# ZION again?



## wolfepakt (Dec 17, 2005)

Admittedly I am biased since I live here (bout 15 miles from the entance to Zion NP) and I just got a decent camera!

But anyway, when are some of you coming to see Zion through the photo's eye again?


----------



## Chase (Dec 17, 2005)

Ohhh you just HAD to bring up Zion, didn't you?


----------



## wolfepakt (Dec 18, 2005)

Of course! I live here!


----------



## photogoddess (Dec 18, 2005)

Chase said:
			
		

> Ohhh you just HAD to bring up Zion, didn't you?



You had your chance to join us last month when we were there. Did I mention how beautiful it was? :greenpbl:


----------



## Chase (Dec 18, 2005)

Psst....she's not very nice :mrgreen:


----------



## terri (Dec 18, 2005)

In late September, I drove through southern Utah and came within 50 miles of Zion, but was on my way to Bryce Canyon, so couldn't stop. I have a hard time leaving Zion once I'm there, so it was just as well. :razz:

I'm always up for trying to make a trip to Zion, if anyone tries to put anything together in the next year. :thumbup:


----------



## 303villain (Dec 18, 2005)

ive always wanted to go there as well, and im not too terribly far away.  i say we plan a big giant meetup in the not so distant future!


----------



## zedin (Dec 18, 2005)

Well I will be stopping by Zion on Jan 4th.  I am attending a conference in Keystone CO so figured it a good halfway point for driving out there plus I am anxious to see what it is like in winter (only been in late spring).
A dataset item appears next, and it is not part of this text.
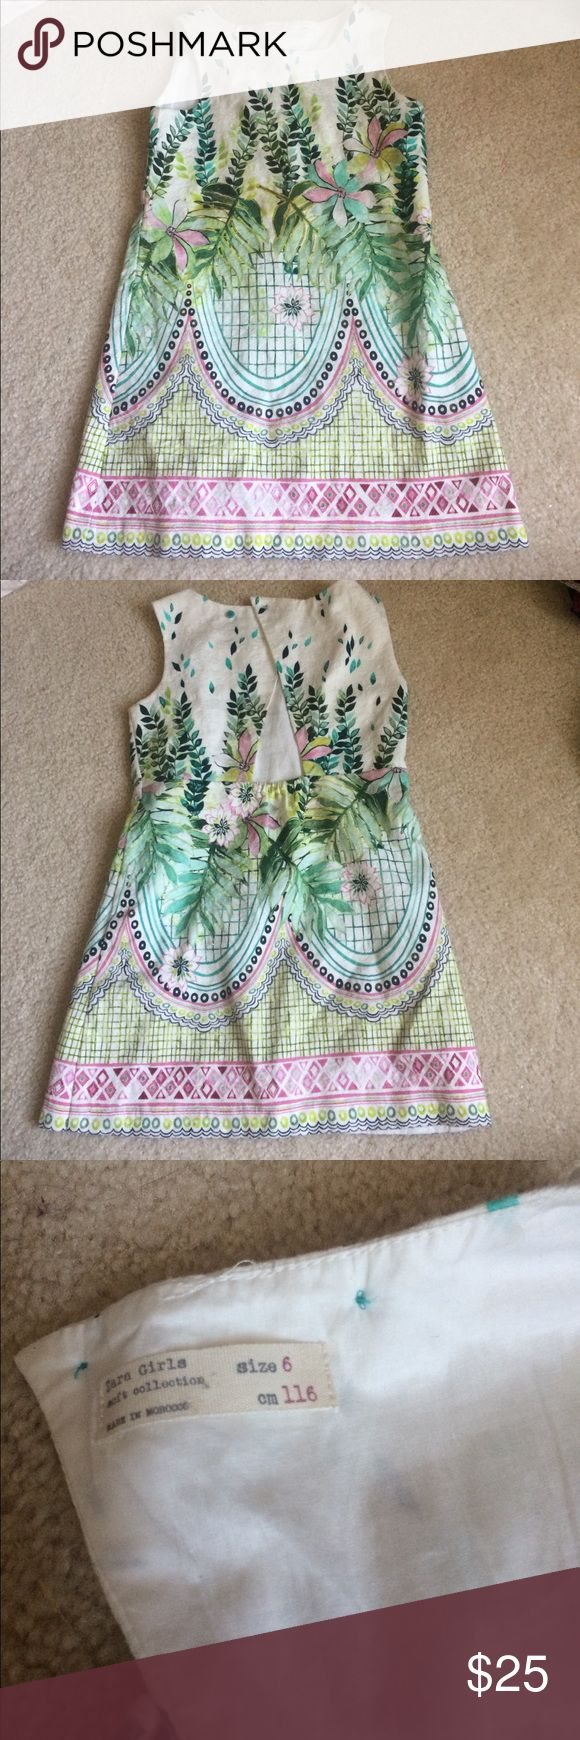 ADORABLE Zara Girls Dress Love love love this dress just too short on my daughter. Zara Dresses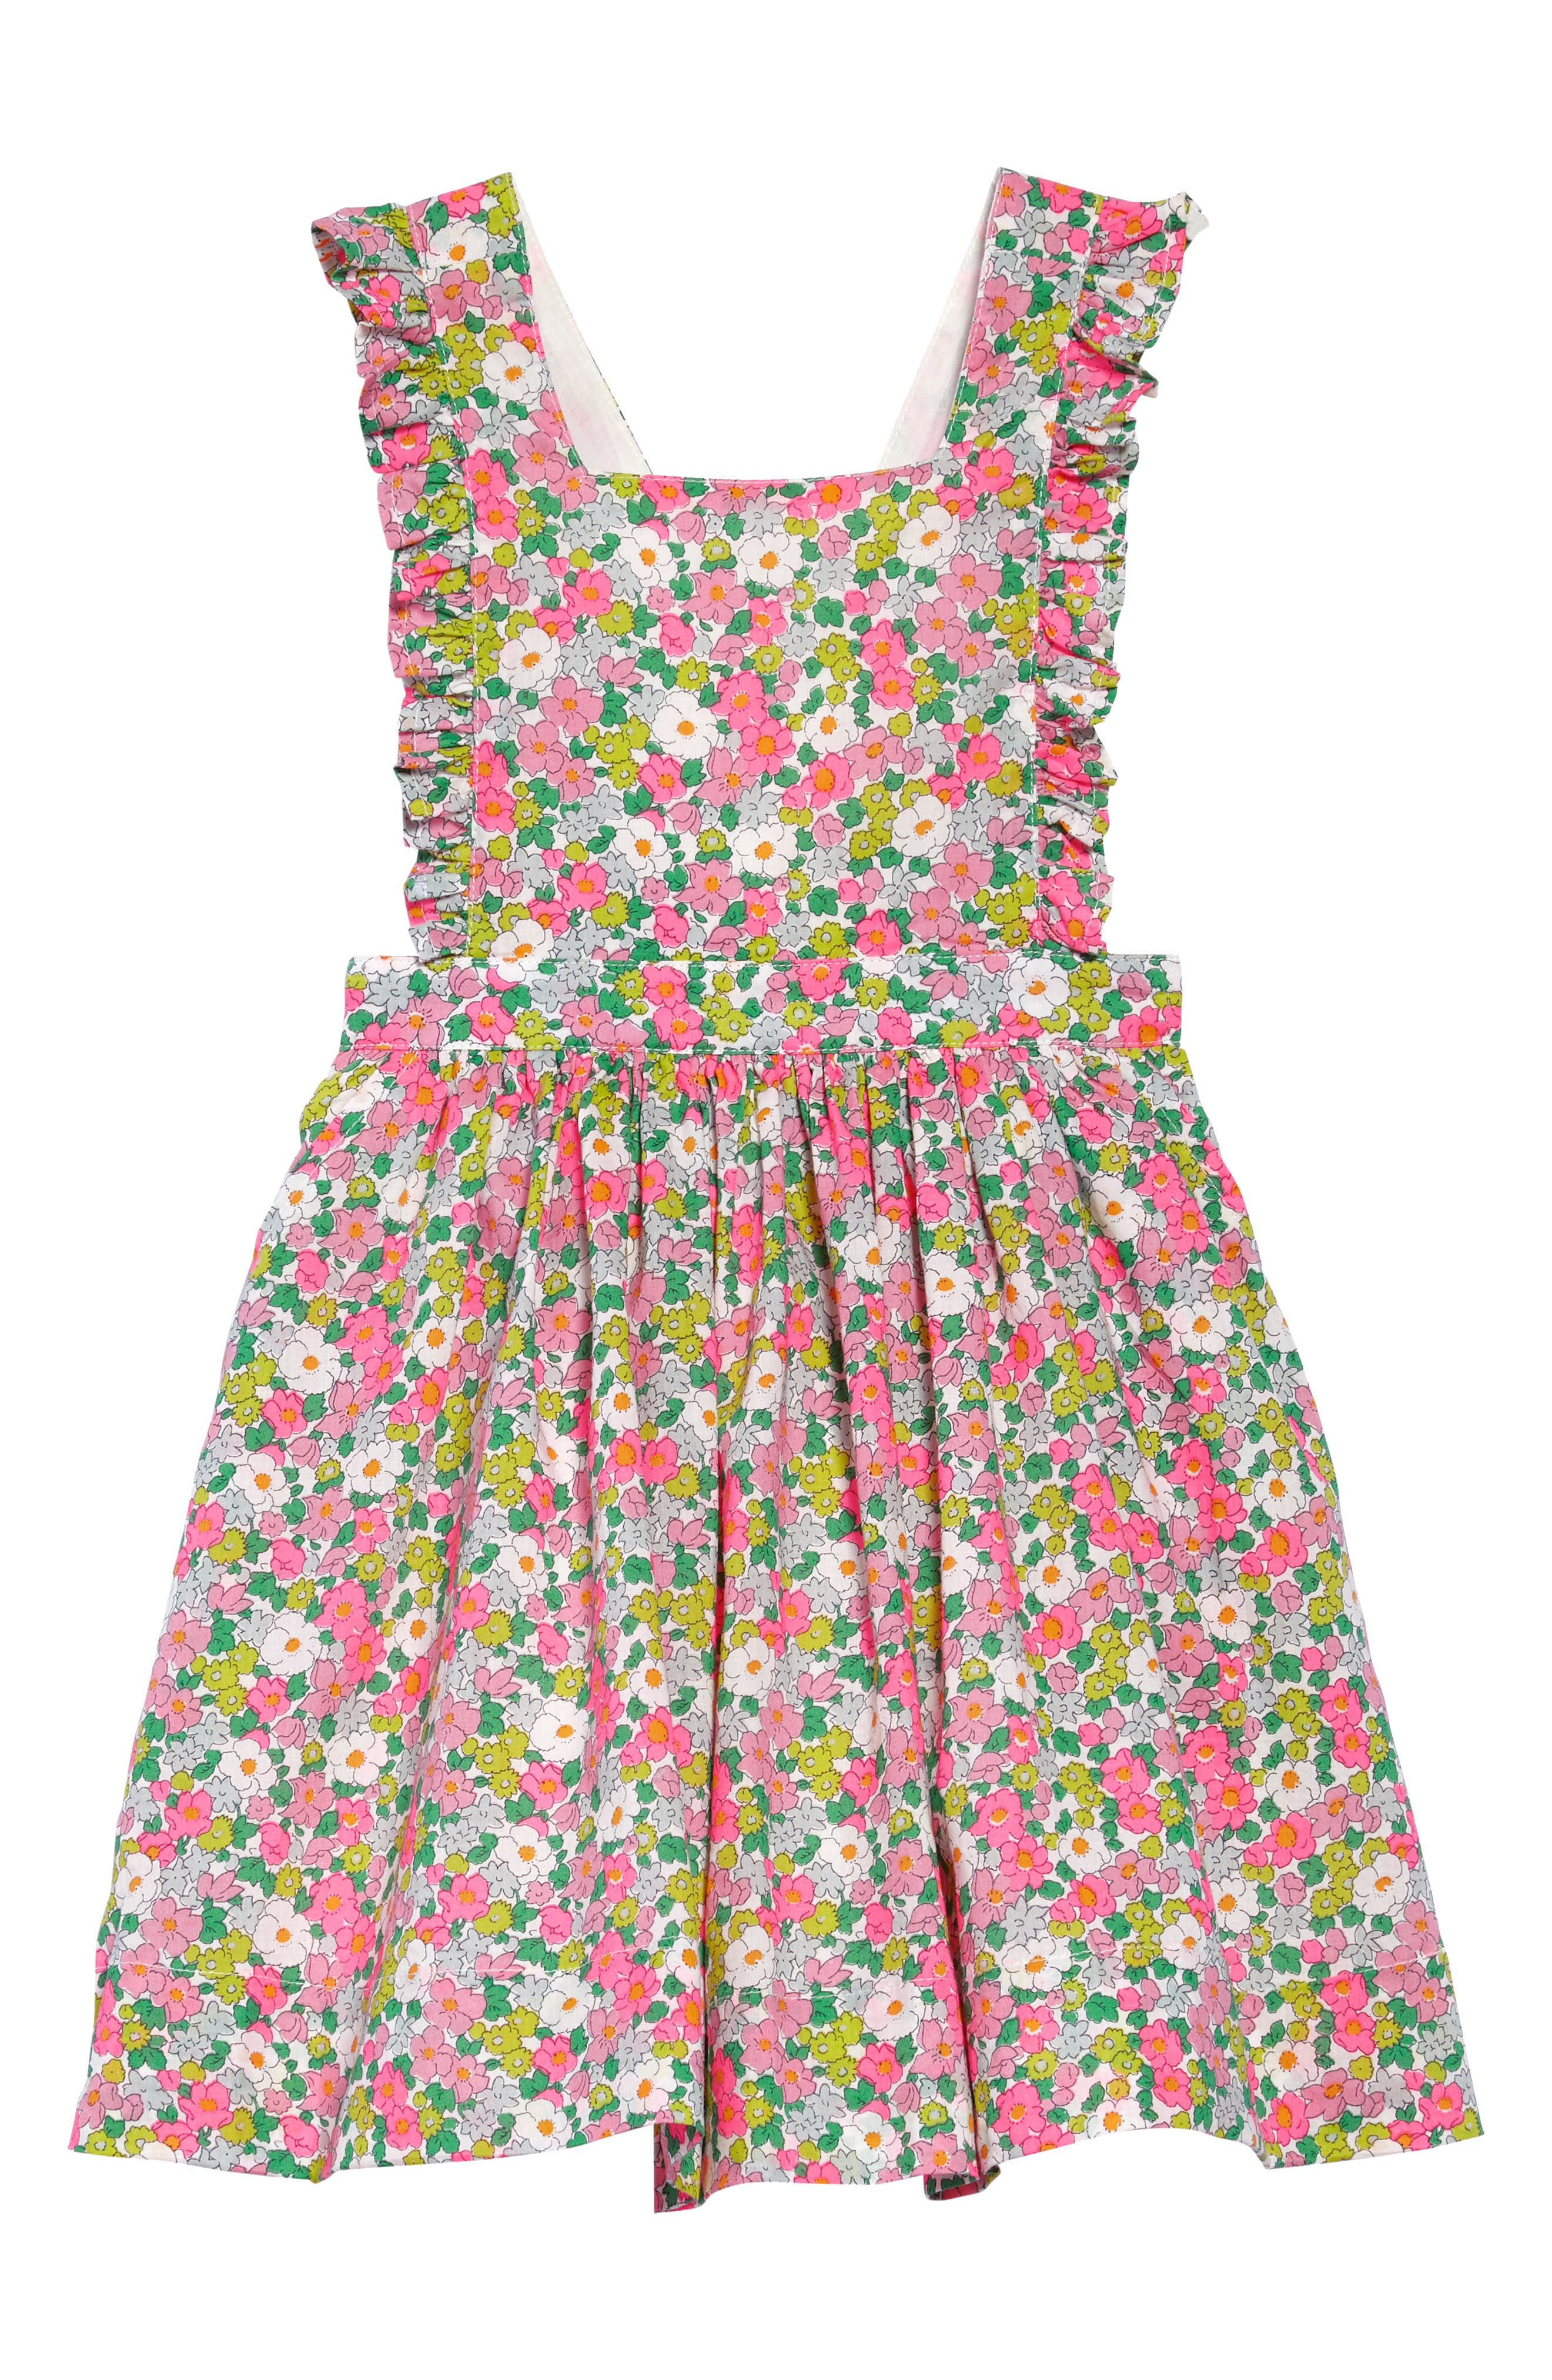 Main Image - Mini Boden Frill Cross Back Woven Dress (Toddler Girls, Little Girls & Big Girls)

Also will hit Arches NP on the 10th or 11th on my way back =p  (why do so many folks fly when there is soo much cool stuff to see when driving)


----------



## photogoddess (Dec 19, 2005)

Chase said:
			
		

> Psst....she's not very nice :mrgreen:



Oh you know you love it when I tease you about Zion.  Next time, you're coming. Got it? layball:


----------



## wolfepakt (Dec 19, 2005)

I will be out of town that weekend (Jan 4).  I am going to the International Consumer Electronics Show in Las Vegas (errr Lost Wages)


----------